Stehen sich ein religiöses und ein philosophisches Verständnis der Teleologie gegenüber? Ergänzen sich die Betrachtungsweisen; so dass sie harmonieren, oder sind sie als Widersprüche aufzufassen? Sind, wenn ein Ausgleich unmöglich ist, diese Widersprüche beabsichtigt oder unterlaufen? Was ist im Falle eines beabsichtigten Widerspruches die auf diese Weise verhüllte wahre Meinung des Maimonides? Der Text lässt präzise Antworten auf diese Fragen nicht zu; auf willkürliche Interpretationen, die leichtfertig oder tendenziös wären, soll verzichtet werden.

Die Identifizierung von Sittengesetz und Weltplan ist ein dem Judentum geläufiger, ja zentraler Gedanke, der sich bei Maimonides aus der religiösen Tradition erklären lässt, wo bei er sich gleichzeitig mit Platonischen Ansichten deckt, die möglicherweise ihrerseits auf die nachbiblische jüdische Tradition eingewirkt haben. Da Maimonides die Philosophie Platons nicht schätzt und meint, sie sei durch die des Aristoteles überwunden, lässt sich die Ethisierung des der Attributenlehre zugrunde liegenden neoplatonischen leeren G'ttesbegriffs als platonisierend, nicht aber als Platonisch bezeichnen.

Da nun das Ziel der Religion in der G'tteserkenntnis besteht, kommt es nach der Meinung des Maimonides für den Menschen darauf an, die Wirkungen G'ttes zu erkennen; durch diese Erkenntnistätigkeit ist jeder Mensch individuell auf G'tt bezogen, der der alleinige Weltzweck ist. Die Erkenntnis stellt das Band zwischen dem Menschen und G'tt dar, und so weiss sich Maimonides in Übereinstimmung mit Aristoteles und dessen Ethik, indem er den Vorrang der dianoetischen Tugenden betont; daraus resultiert für den Menschen die Verpflichtung zum Lernen, zum Studium der göttlichen Gebote, denn nur auf diese Weise kann sich die Annäherung des Menschen an G'tt vollziehen.

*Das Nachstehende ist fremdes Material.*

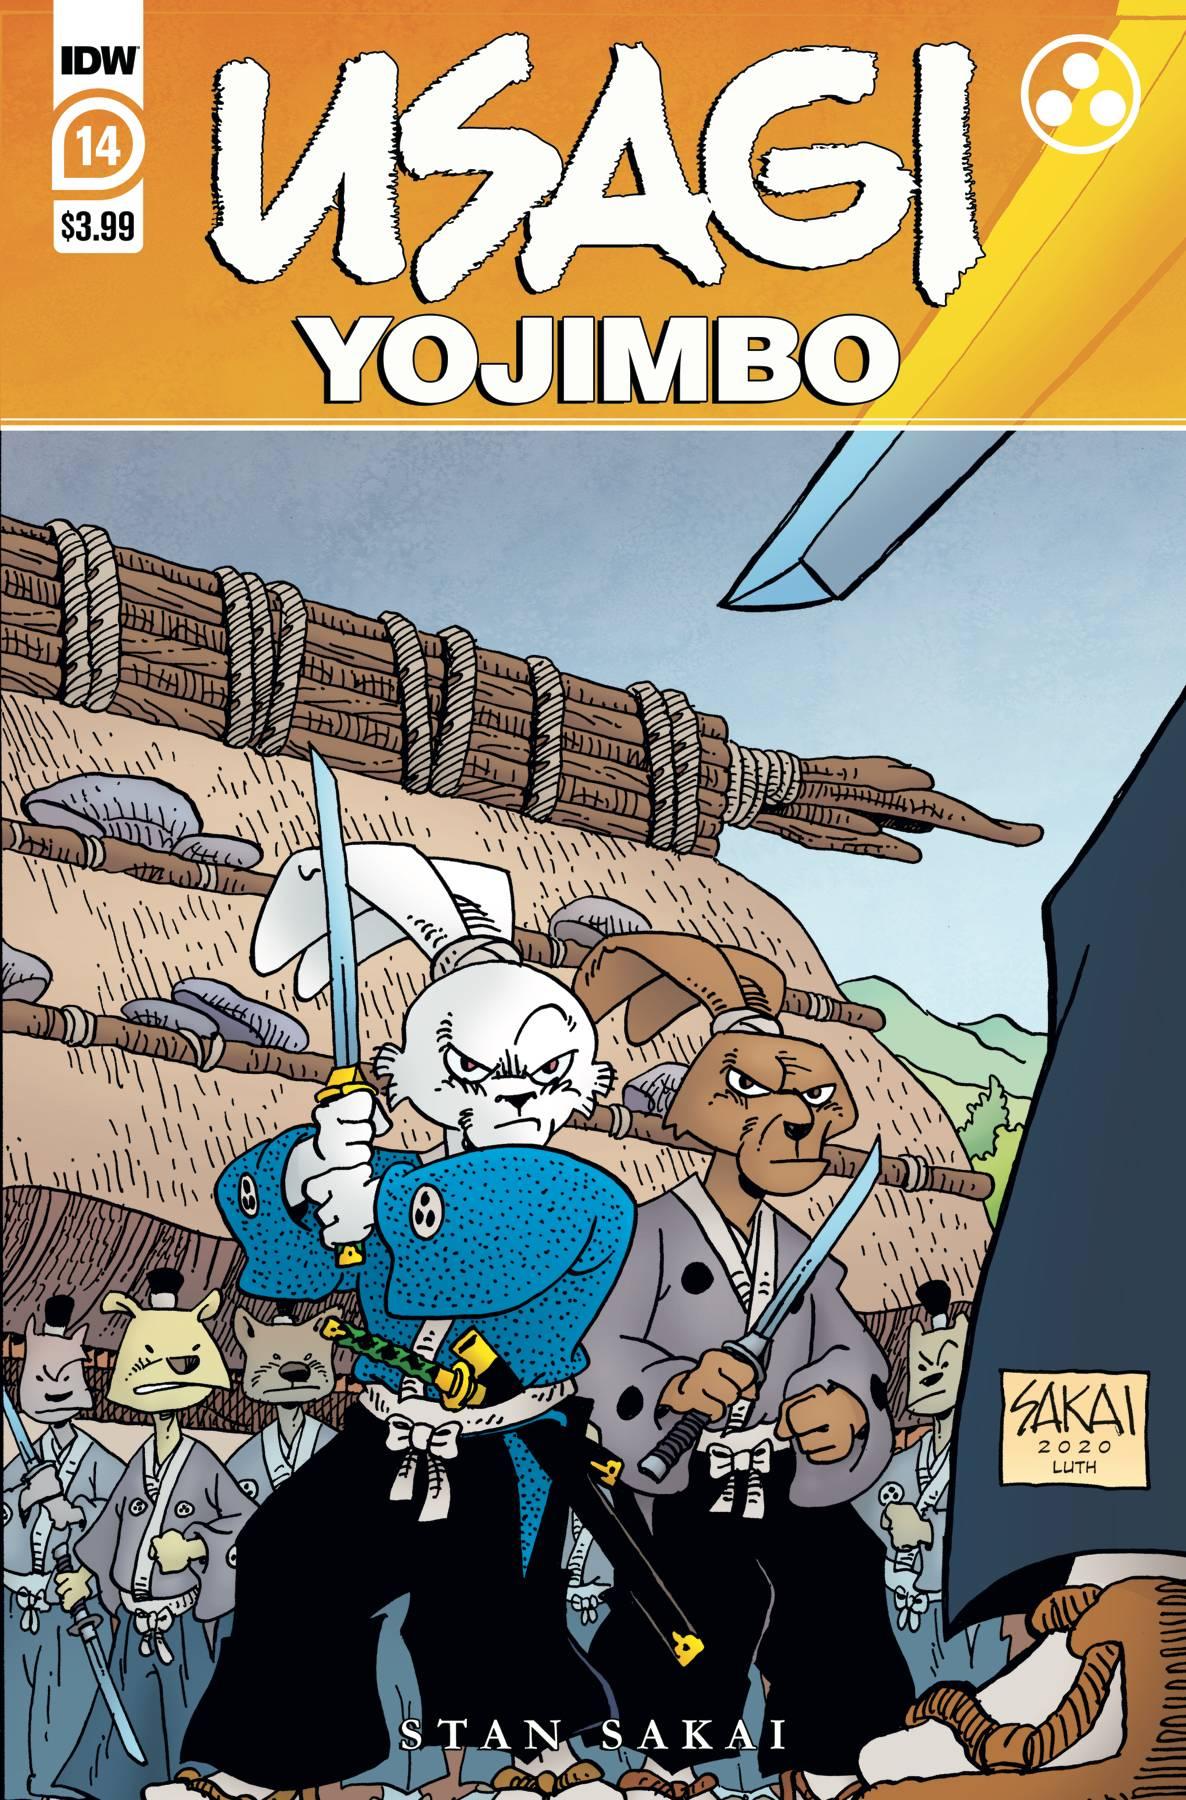 Usagi Yojimbo #14 (2020)

Die Betonung des Wertes und der Notwendigkeit der Erkenntnis macht es verständlich, dass Maimonides, nach dem er den G'ttesbegriff zunächst durch die Ausschaltung aller unangemessenen Bestimmungen völlig entleert und die menschliche Erkenntnis auf die Wirkungen G'ttes eingeschränkt hatte, recht unvermittelt zu einer positiven Bestimmung G'ttes kommt und die Aristotelische Formulierung, G'tt sei das Denken des Denkens, aufgreift. Der zunächst neoplatonische G'ttesbegriff, der dann entsprechend dem religiösen Anliegen des Autors durch die Einführung der Wirkungsattribute ethisiert wird, erhält schliesslich eine Präzisierung in Richtung auf die Aristotelische G'ttesdefinition. Maimonides legt den Aristotelischen G'ttesbegriff ausführlich dar und zeigt, dass die in allem aktuellen Denken vorhandene Identität von Denken; Denkendem und Gedachtem es ermöglicht, G'tt das Denken zuzuschreiben, ohne damit die Einheit des göttlichen Wesens aufzuheben. Das Denken G'ttes ist kein Attribut seines Wesens, sondern das vollkommene Bewusstsein ist die höchste Stufe des Seins überhaupt. Trotzdem bleibt ein Bruch zwischen der konsequenten Negierung der Möglichkeit von Aussagen über das göttliche Wesen und der positiven Bestimmung, zu der Maimonides schliesslich gelangt. dass das Buch Widersprüche enthalte, hatte der Autor mit dem esoterischen Charakter des Werkes begründet. Es obliegt dem eingeweihten Leser, die wahre Meinung des Verfassers zu ergründen. dass diese auf die Aristotelische Definition hinausläuft, liegt nahe, weil Maimonides den Aristotelischen G'ttesbegriff als Grundsatz unseres Glaubens« (I,68) bezeichnet und auf die Darlegungen in seinem Mischne Tora, einer exoterischen Schrift; verweist. Ausserdem ist die negative Theologie des Neoplatonismus für Maimonides nur ein Mittel, Unangemessenes vom G'ttesbegriff fernzuhalten; das kann aber nicht dahin führen, dass G'tt die absolute Leere ist, vielmehr ist er der Inbegriff aller Vollkommenheit, die sich in seinen Wirkungen kundtut.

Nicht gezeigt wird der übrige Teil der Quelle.